Домой Салабину звонит дружище Ласкарёв: Гена, кровь из носу, прими, будь другом, сорок человек датчан с круизного судна. Прямо сегодня, до начала твоих мероприятий... Мы вовремя их увезём! Вот-так надо!

- Сорок человек?! Это же орда! У нас молодёжная группа по договору, мест не хватит!

- Да ну, всегда найдётся выход... Каких-то сорок скромных датчан! Мы сколько лет друг друга знаем?

- Ладно, привози. Но не жди особого комфорта.

- Да о чём речь!

Перезваниваю в клуб дежурной бабуле:

- Мария Васильевна, сегодня будет ещё группа датчан от Ласкарёва...

- Да, он звонил! – подтверждает бабуля. – В двадцать часов – семьдесят человек!

- Что?! – закричал сам не свой Салабин. – Когда он вам звонил?

- Да около часу назад. Сказал, что с вами согласовано.

Итак, не сорок – а семьдесят. Не до начала мероприятий, а одновременно с моряками. Ну, Ласкарёв! Мало тебя ещё я знаю. «Кровь из носу!» Ну, погоди...

 

...Вот он входит опять в Интерклуб, брызжа неизбывным оптимизмом. С ним моложавые скоблёные москвичи, их сразу узнаешь. Блестящие костюмы, холёные лица, очки надменного дизайна. Улыбочки на замочках-молниях.

Салабин знает, что в Город прибыло его прямое профсоюзное «начальство» из Москвы... Похоже, Лёва их успел перехватить, старых своих приятелей, чтобы показать своё неубывающее влияние на прежней территории...

Моё приближение тут же замечено. Лёва берёт меня в клещи:

- Товарищи! – в его голосе вдохновение. – Представляю вам директора Интерклуба: Салабин Геннадий Серафимович!

Что с ним поделаешь – витийствует, шельмец!

Каждый москвич суёт мне вялую ладонь и невнятно бормочет. Начальство, но инкогнито.

А Лёва включает форсаж:

- Виднейший специалист по внешнеэкономической деятельности! Владеет четырьмя языками! Защитил диссертацию... Или ещё не защитил? – со смехом оборачивается ко мне.

- Гости невозмутимы как динозавры из музея.

- Ну что – кофе нальёшь? – ближе к делу приступает Ласкарёв.

- Если ты про кофе – то налью! – отвечаю в тон, самым исчерпывающим образом. Кому знать, как не ему, насколько безнадёжны стали нормы представительских расходов.

Лев Сергеич дождался кофе на стол и, оставив меня с москвичами, заговорщицки потёк вслед за буфетчицей Женей.

Извиняюсь перед гостями, что кофе только растворимый. Едва ли это в их власти – изменить что-либо к лучшему. Они кивают. Их очки благодушно роняют блики на стол. Ласкарёв уже с нами опять. В графине водка, подкрашенная апельсиновым соком. Лоснятся лососем бутерброды...

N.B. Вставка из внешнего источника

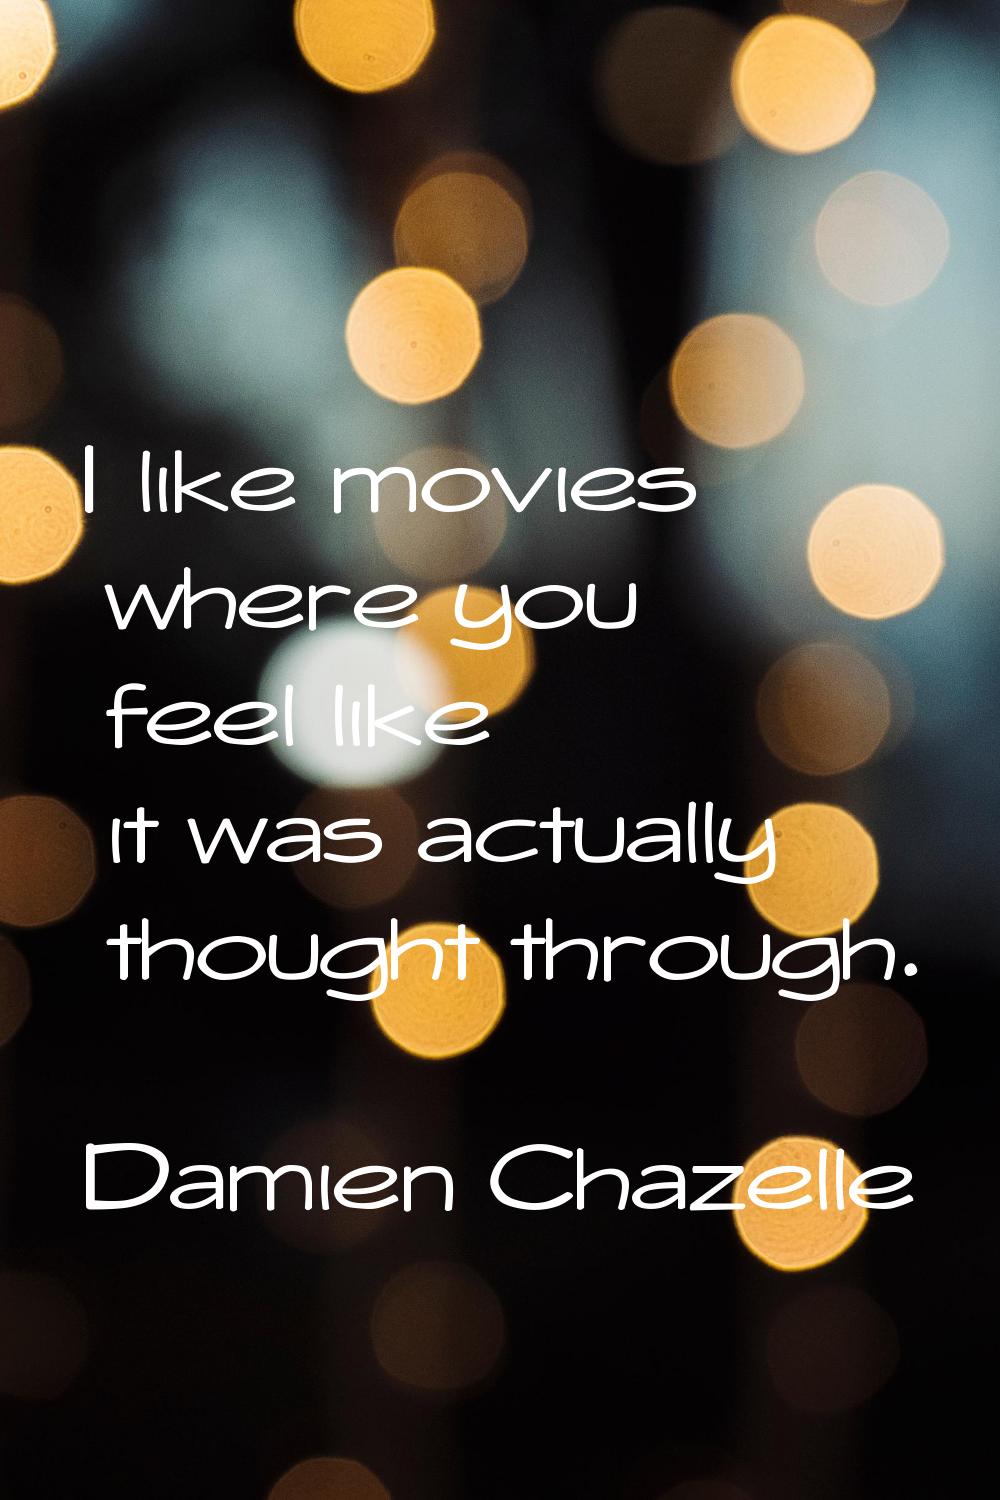 I like movies where you feel like it was actually thought through.

С Лёвой будем разбираться наедине. Так ли он старых московских приятелей любит, что берёт расходы на себя, или полагает, что это моё новое «начальство» – стало быть, моё бремя? Тогда он плохо меня знает. А гости мне становятся подозрительны: не задали ни одного вопроса в пределах своей компетенции.

Завязывается разговор, не очень мне понятный... Постепенно уясняю себе, что «господа офицеры» (да простят меня офицеры настоящие!) вдаются в лирические воспоминания об океанских круизах... или «проверках» океанских лайнеров...

Узнаю, нюхом чую хлестаковых, хотя сам-то Хлестаков никаким ревизором и не был.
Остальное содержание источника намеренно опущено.